One of my favorites is

Peace and Guidance
*

----------


## smith744



----------


## smith744



----------


## smith744



----------


## Jim-Donna

great sayings~

----------


## rocknrollfarmer

I may be slow, but I don't get the one about "vex" ?

----------


## TAH

> I may be slow, but I don't get the one about "vex" ?


Better that the customer is upset about not getting credit, than the vendor being upset about not getting paid.

----------


## halfwaytree



----------


## halfwaytree

Don't laugh at the misfortunes of others.

----------


## halfwaytree

Meaning - Don't make fun of others, you are not perfect either.

----------


## captaind & Linston

*Sorry fi mawga dawg, mawga dawg tun roun bite you*

----------


## halfwaytree

> *Sorry fi mawga dawg, mawga dawg tun roun bite you*


How true!!

----------


## Rob

Halfwaytree,

Thanks for adding the meanings - it is always fun for people to be given the meanings behind the sayings....

----------


## captaind & Linston

> *Sorry fi mawga dawg, mawga dawg tun roun bite you*


"The hungry dog you feed today may just turn around and bite you"

----------


## halfwaytree

*I have heard these before but not for a long long time. Looked on the web to jog my memory.*


*Cockroach nuh business inna fowl fight"* [Don't get involved in this that don't concerns you]

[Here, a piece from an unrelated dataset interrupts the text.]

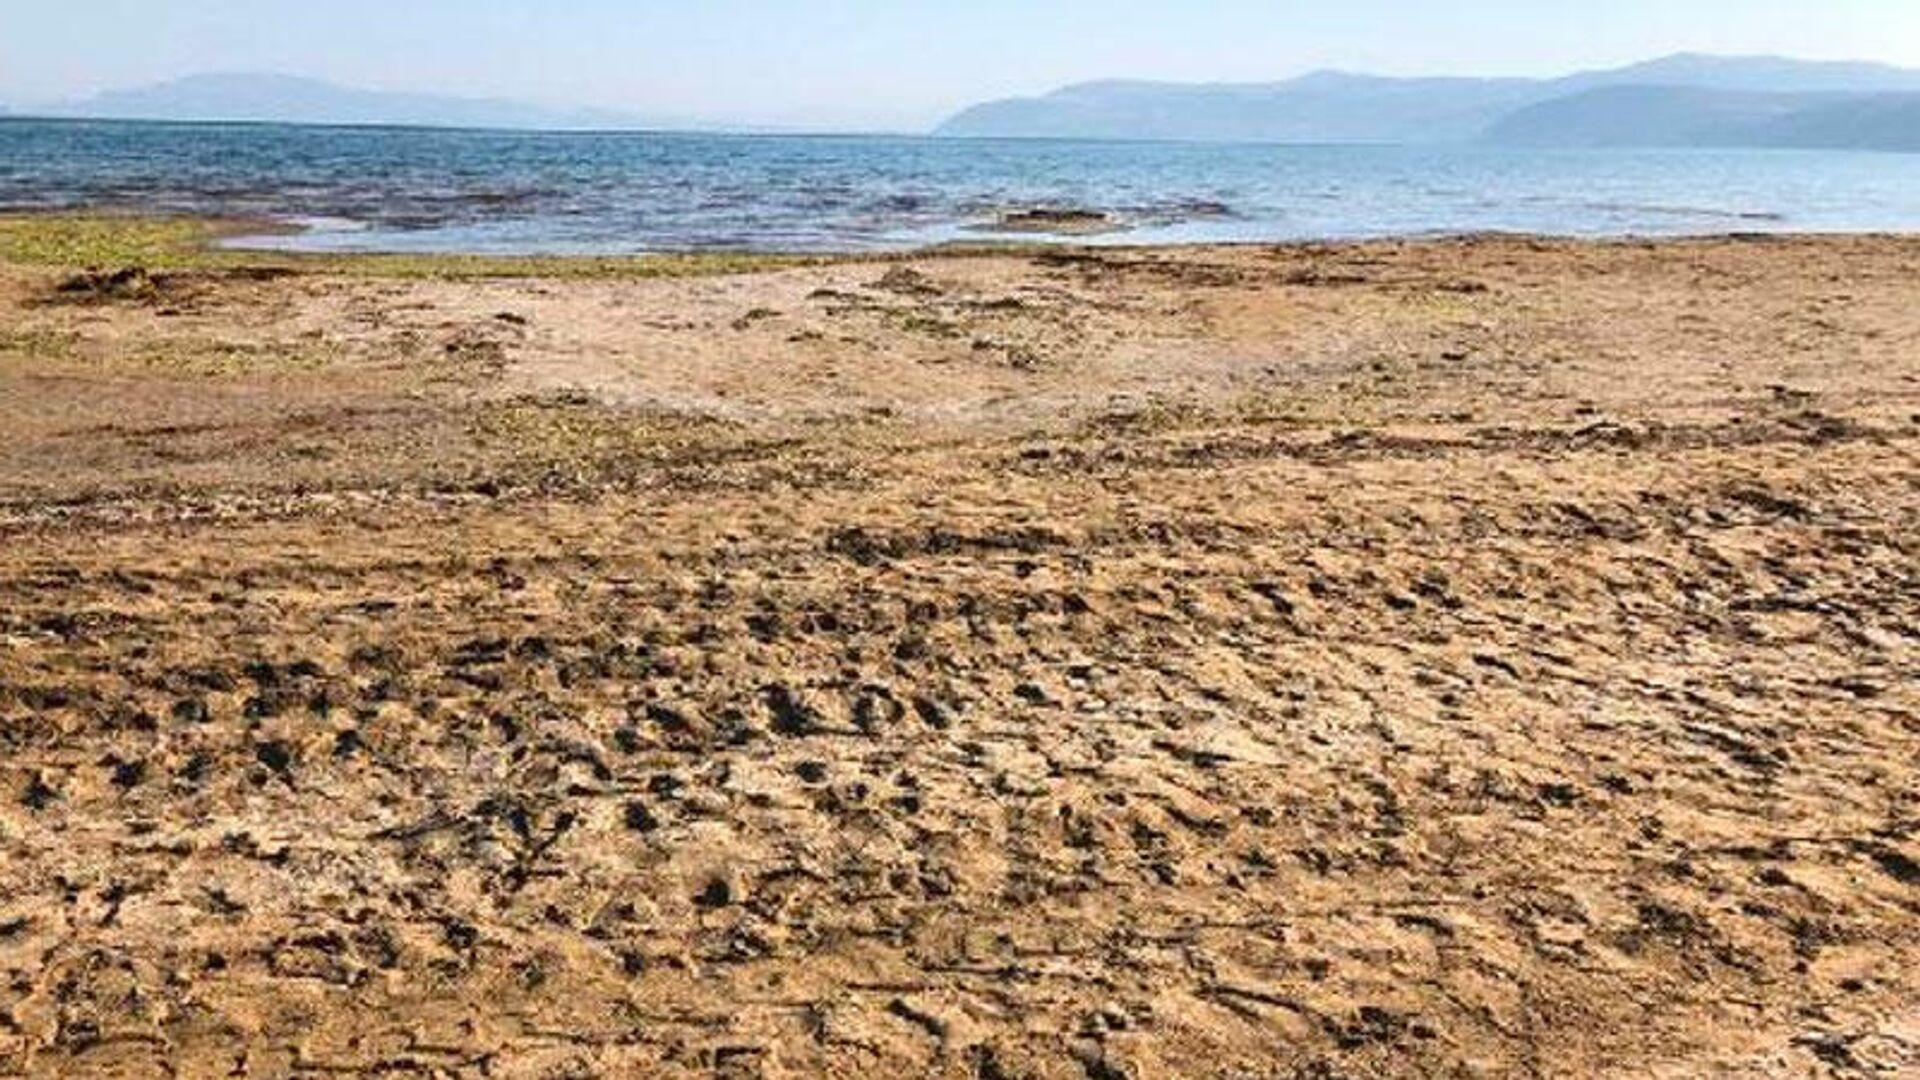 Isparta'da çok şiddetli kuruma tehlikesiyle karşı karşıya olan Eğirdir Gölü'ndeki çekilmeler, 50 metreyi aştı ve iskeleler havada kaldı. - Sputnik Türkiye, 1920, 23.08.2021

*"Chicken merry; hawk deh [is] near"* [Be careful when things are going too good for you as its always possible that danger is around the corner]

*"Hog say, 'de first dutty water mi ketch, mi wash'."* [Make use of the first opportunities that comes your way]

*"Wanti, wanti nuh 'avi 'avi an 'avi 'avi nuh wanti wanti".* [Those that want don't have and those that have don't appreciate what they've got]

*"Every mikkle mek a mukkle"* [Every little bit counts]

*"Duppy know who fi frighten"* [Bullies (or ghost) pick on those who can defend themselves the least]

----------


## SLP

These are all great.

----------